Would you repeat the whole listing exactly, pictures excluded?

* Information provided *
---

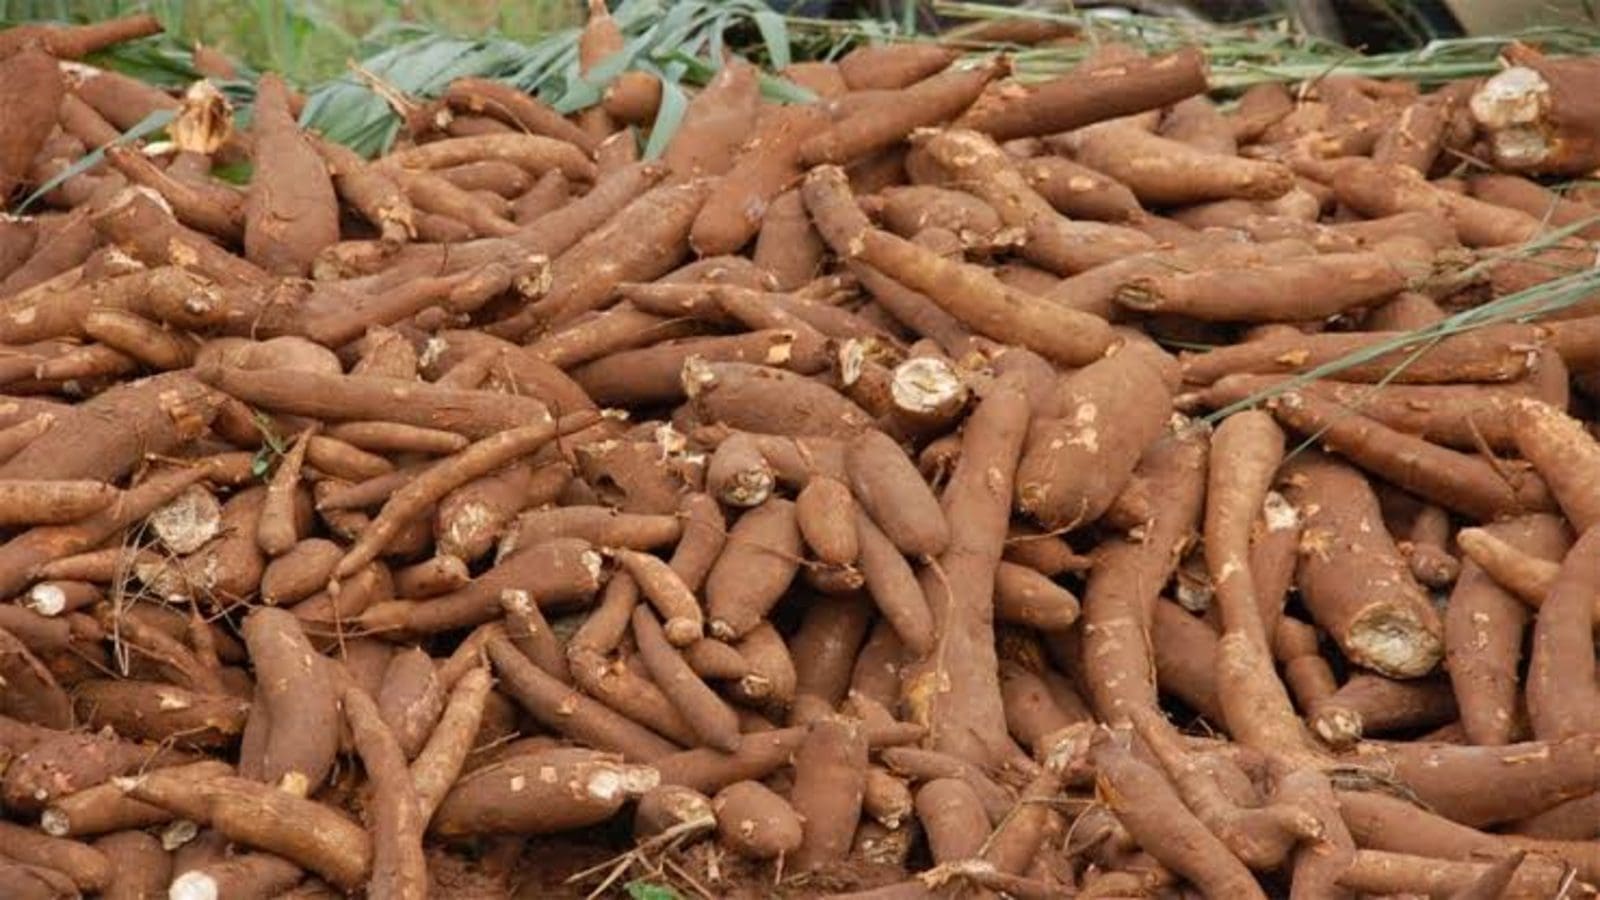 Madagascar projects to produce 7 million tons of cassava by 2027
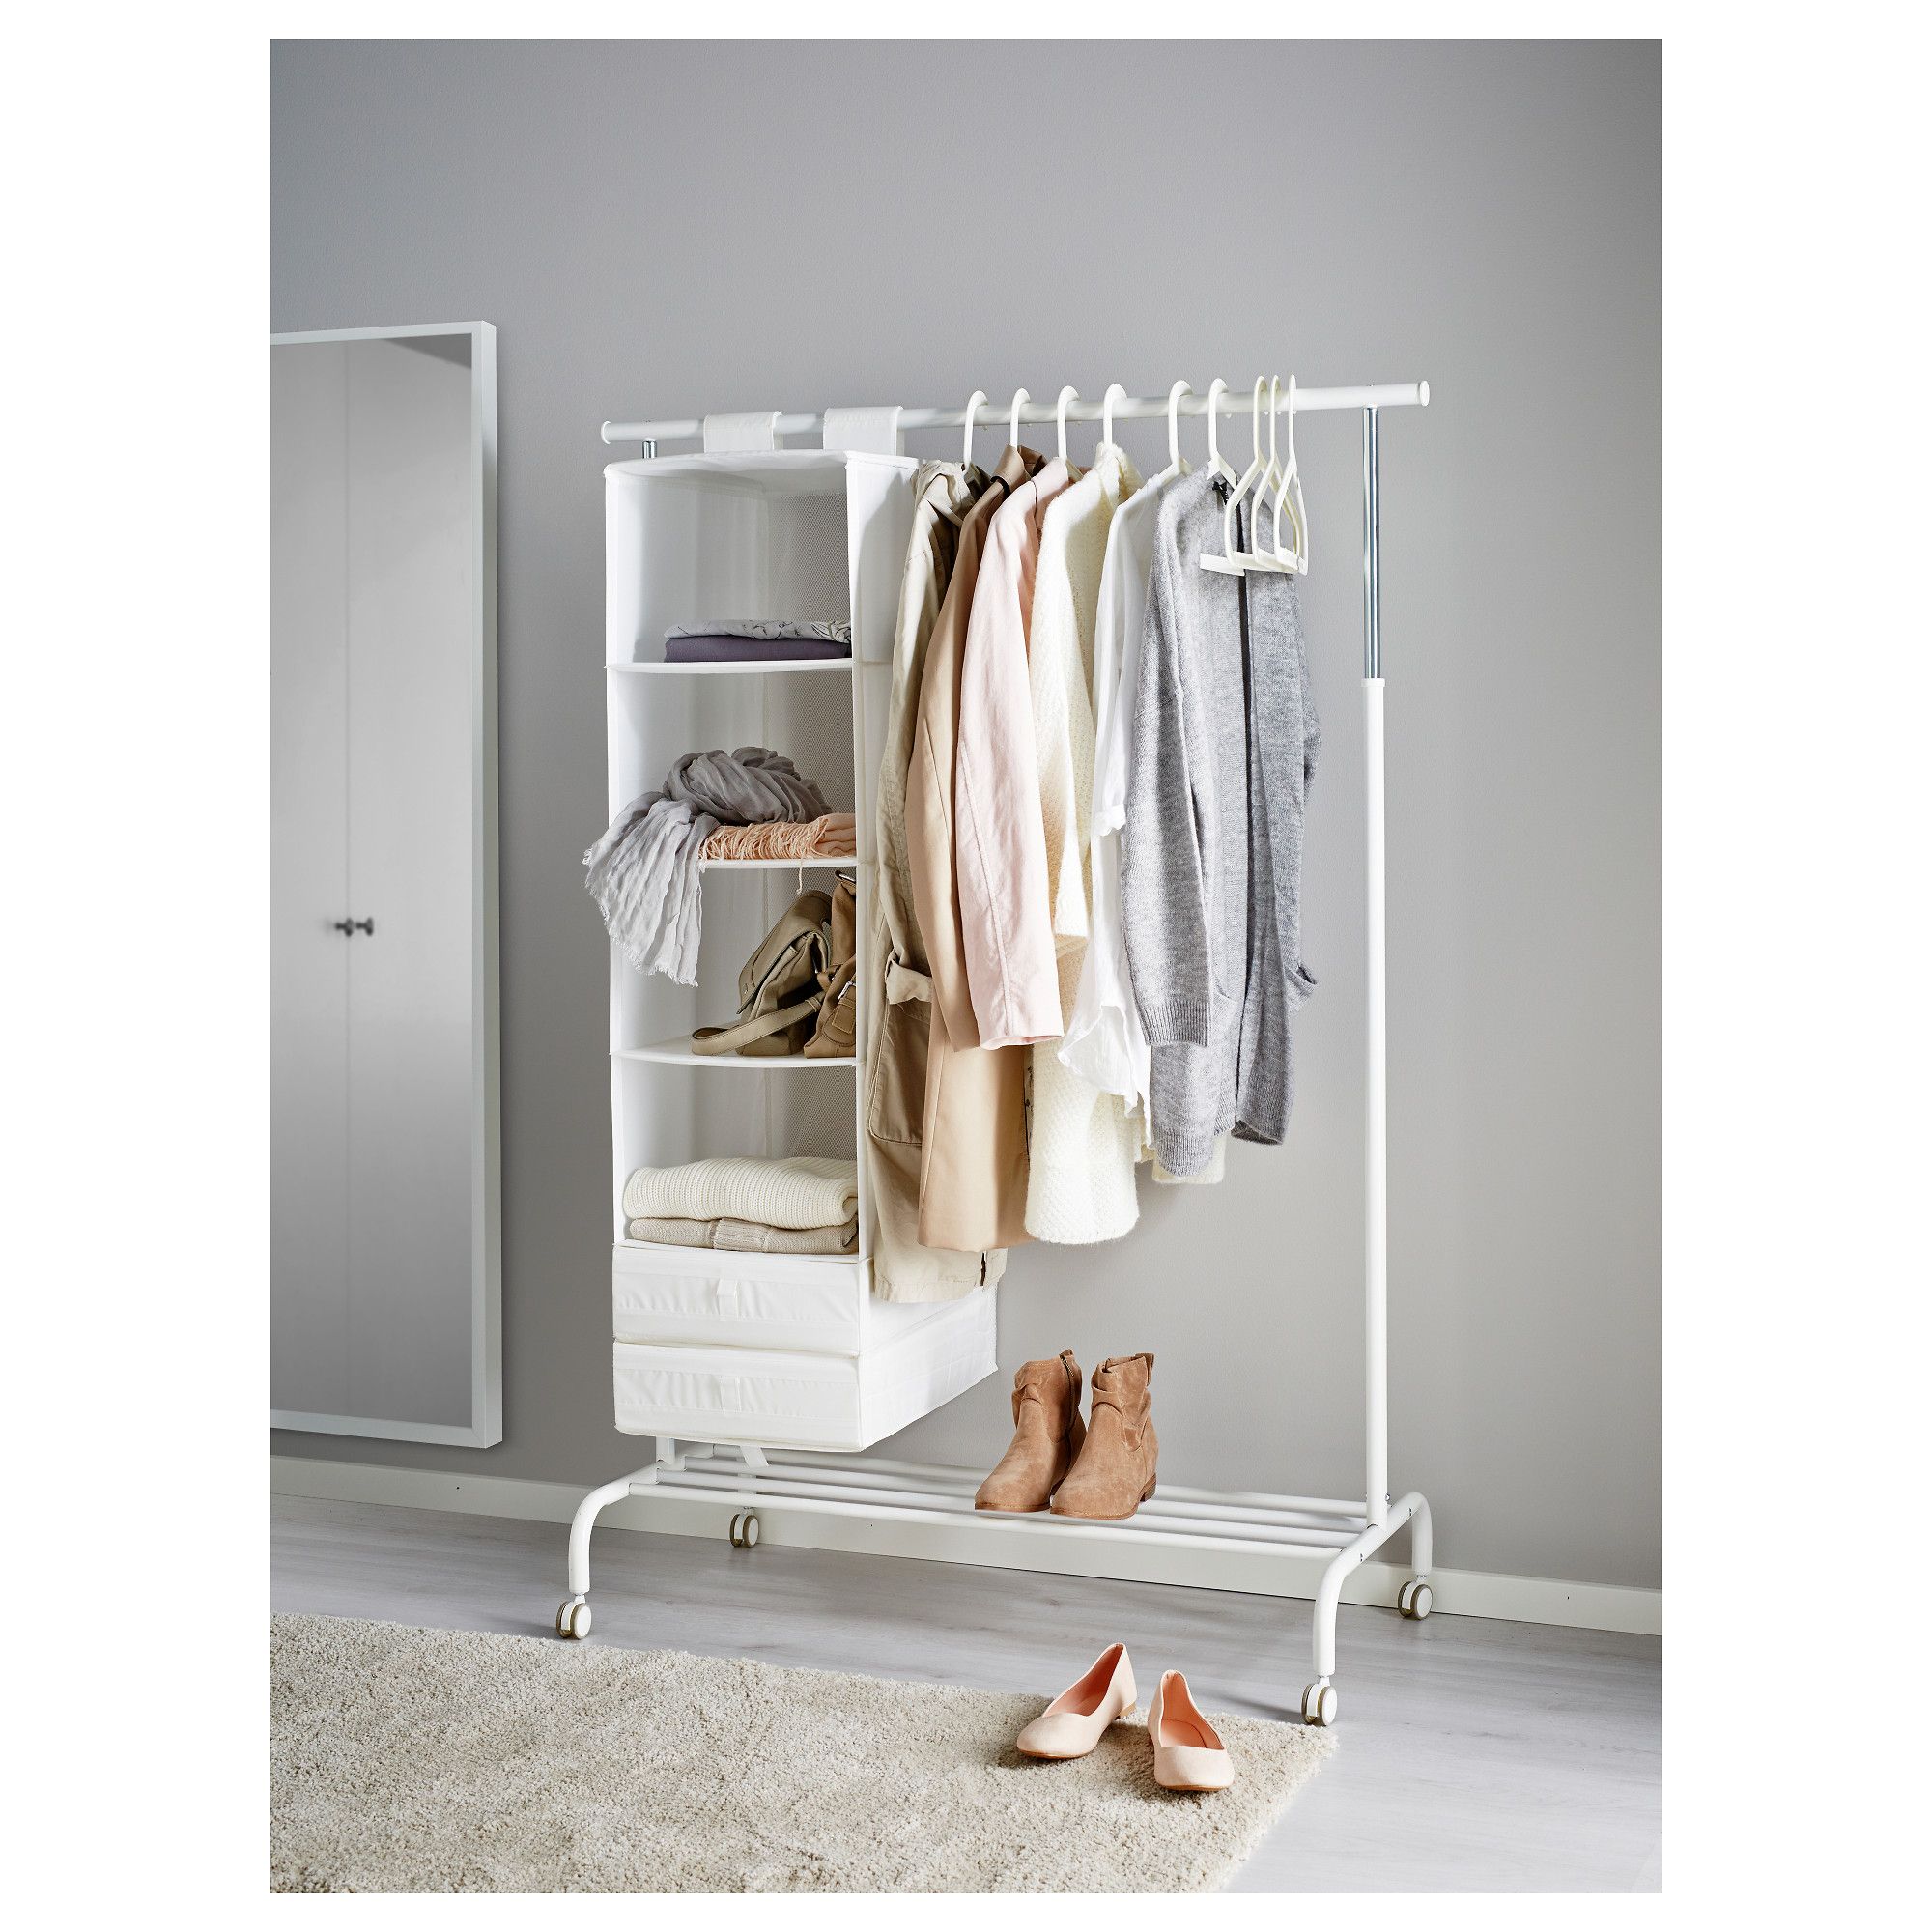 Rigga Clothes Rack White | Ikea Lietuva Intended For Ikea Double Rail Wardrobes (Gallery 6 of 20)
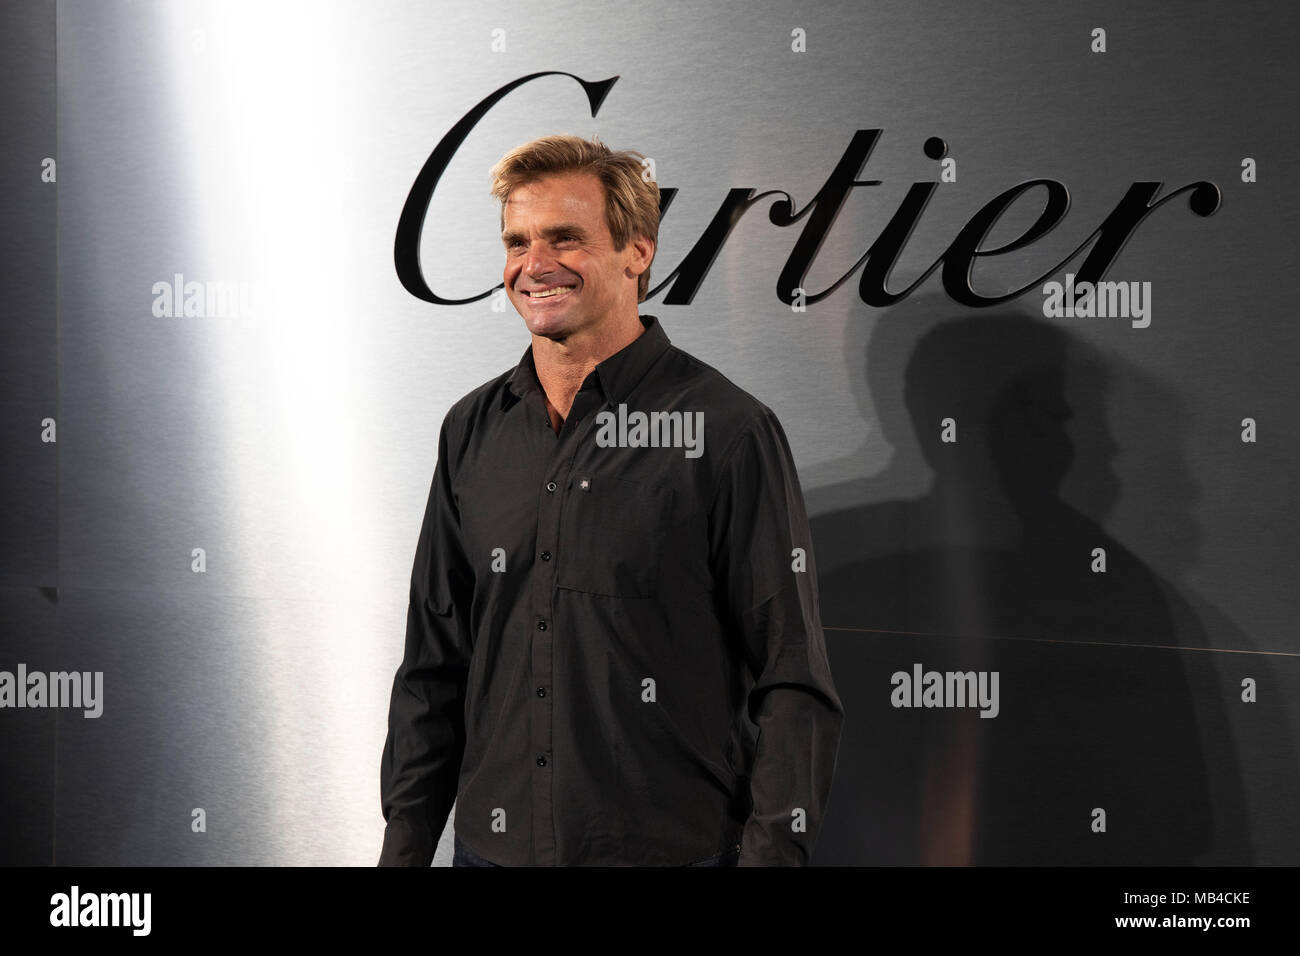 San Francisco, California, USA. 5th Apr, 2018. Surfer LAIRD HAMILTON arrives on the red carpet for the Santos de Cartier Watch Launch at Pier 48 on April 5, 2018 in San Francisco, California Credit: Greg Chow/ZUMA Wire/Alamy Live News Stock Photo

---

* Exercise response *
 Madagascar projects to produce 7 million tons of cassava by 2027
 Rigga Clothes Rack White | Ikea Lietuva Intended For Ikea Double Rail Wardrobes (Gallery 6 of 20)
 San Francisco, California, USA. 5th Apr, 2018. Surfer LAIRD HAMILTON arrives on the red carpet for the Santos de Cartier Watch Launch at Pier 48 on April 5, 2018 in San Francisco, California Credit: Greg Chow/ZUMA Wire/Alamy Live News Stock Photo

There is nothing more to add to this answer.